Una pregunta válida obtiene una respuesta etérea de los poetas. Y lo que queda son los ingredientes de tal sopa.
Ignacio García une cinco partes en su intento de responder la cuestión, separados por puntos suspensivos: I. Yo creo que André estaba loco; II. Ya la tarde cae; III. El mar no se mueve; IV. Pero si André no estaba loco, y V. En julio vendrán las glondrinas.
La quinta parte, según mi lectura, es un poema autónomo, surgido por el impulso de lo escrito primero y que es un hallazgo que deja atrás a Breton.
Ignacio García escribe:
“No obstante, un pajarraco, que por dentro se lamenta
no poder volver a cantar,
ronco a pecho me dicta sus secretos.”
Es tan intenso el momento, que los versos se alargan y usan bastones de la prosa, como el “no obstante” y el par “no poder volver”. Imantado sin querer por el cuervo de Poe, el par de marras sería, por ejemplo:
“un pajarraco se lamenta
jamás otra vez cantar”
Y continúa:
“No sé escribir.
No podré expresar jamás esto que siento.
A esto, a lo mío, le llaman canto callejero
(…)
como si nadie, nunca, hubiera escrito nada”.
Metido en el desarrollo del poema, de pronto hay un vislumbrar la respuesta buscada: es “en el poema que no escribí”, afirma, “donde habita todo ardor y todo significado” (pág. 64). Puesto que en realidad no sabe cómo se escribe un poema (pág. 61).

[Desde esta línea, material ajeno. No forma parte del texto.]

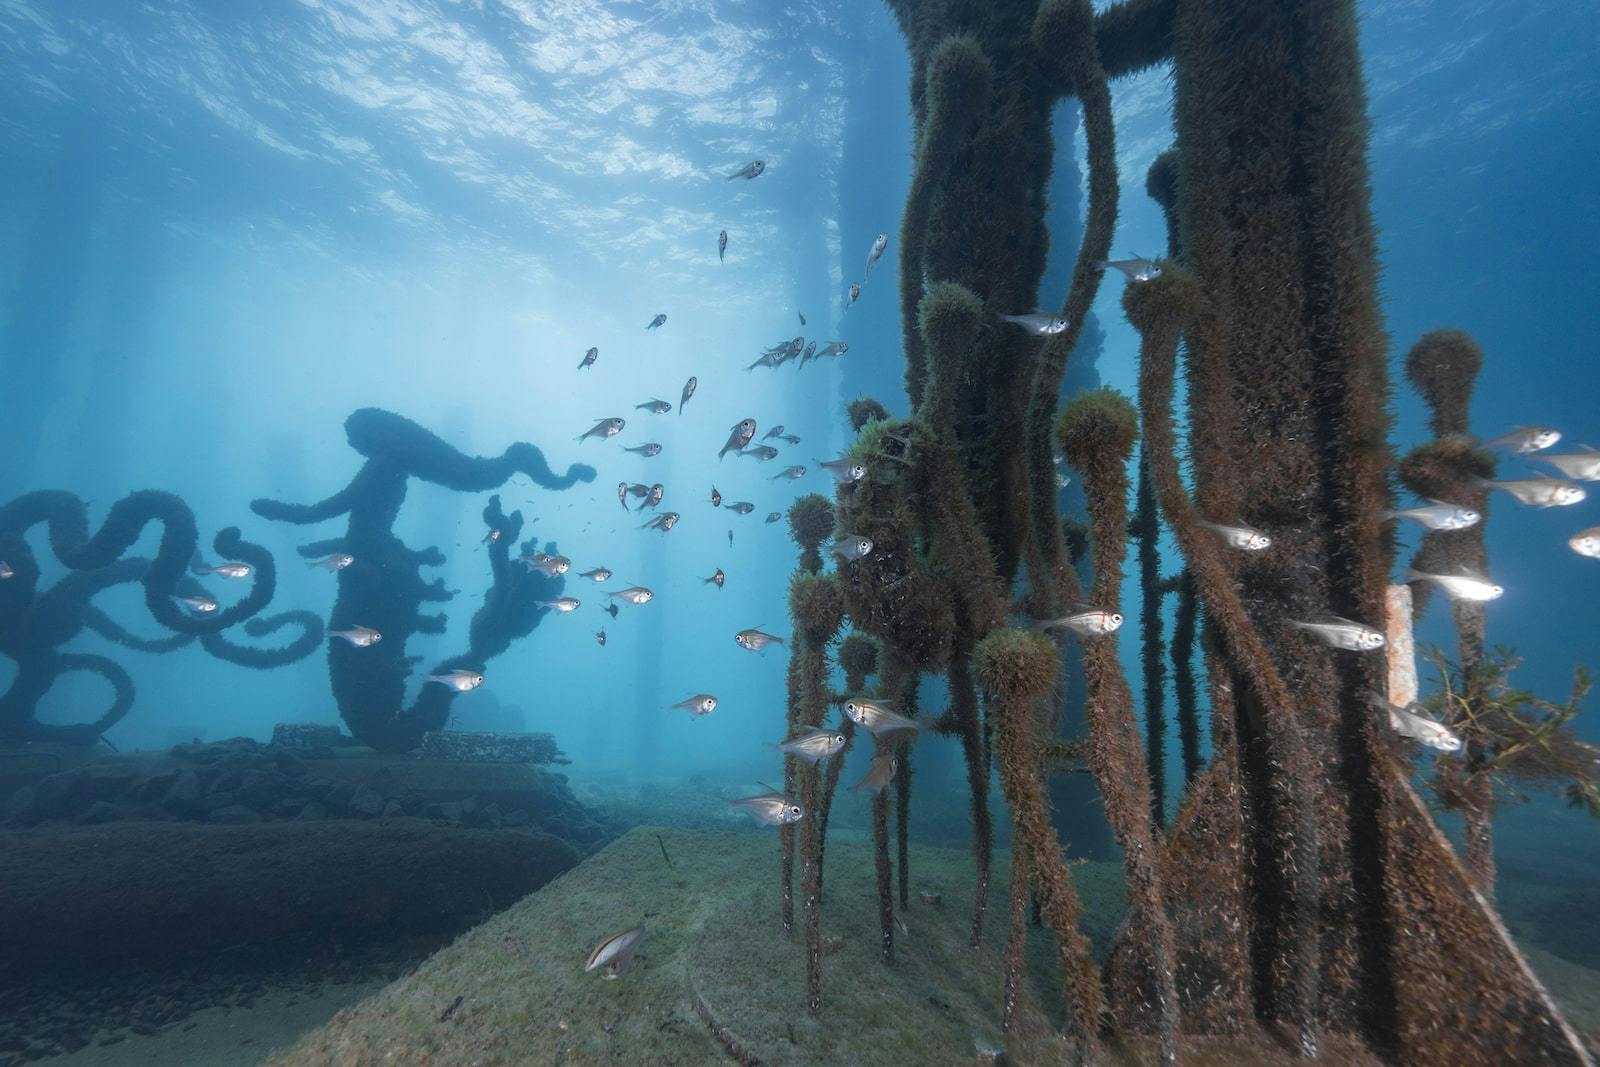 Busselton Jetty Underwater Sculptures

En fin, he destacado las partes en que el poeta duda de su labor y de sí mismo, después de más de veinte años de escribir poemas y más de diez poemarios, por lo que vale dejar constancia del callejón con salida en el que se encuentra. Uno de sus libros se titula Valéry regresa al mar. Creo que Ignacio García tiene enfrente un futuro inesperado si cumple con el ritual que presenció:
“las cenizas del loco André
que ya vaciaron en los esteros
(…)
un pescador advierte la sorda presencia de André,
quien entre escolleras (…) se aleja…”
Valéry, sus cenizas, ¿regresaron al mar? Bretón, sus cenizas, sí, según Ignacio García. Y un pescador es testigo. El mar es la poderosa y silenciosa presencia que Ignacio García ha dejado pasar, en el fondo de las preocupaciones que ha creído trascendentes, como la aprehensión de imágenes insólitas:
“Eso debe ser el poema, la Palabra
… un verso inventado al insomnio
… un insomnio dedicado a ella…”
Y no, el insomnio no ayuda. Tampoco ella, siempre distante y muda. Breton ha muerto:
“Tímido y vencido
(más por falta de coraje que por deseo)
Uno se dedica a descoser su máquina-de-hacer-poesía…”
¿Cómo se escribe un poema? De muchas maneras. Una de ellas es preguntar cómo se escribe un poema.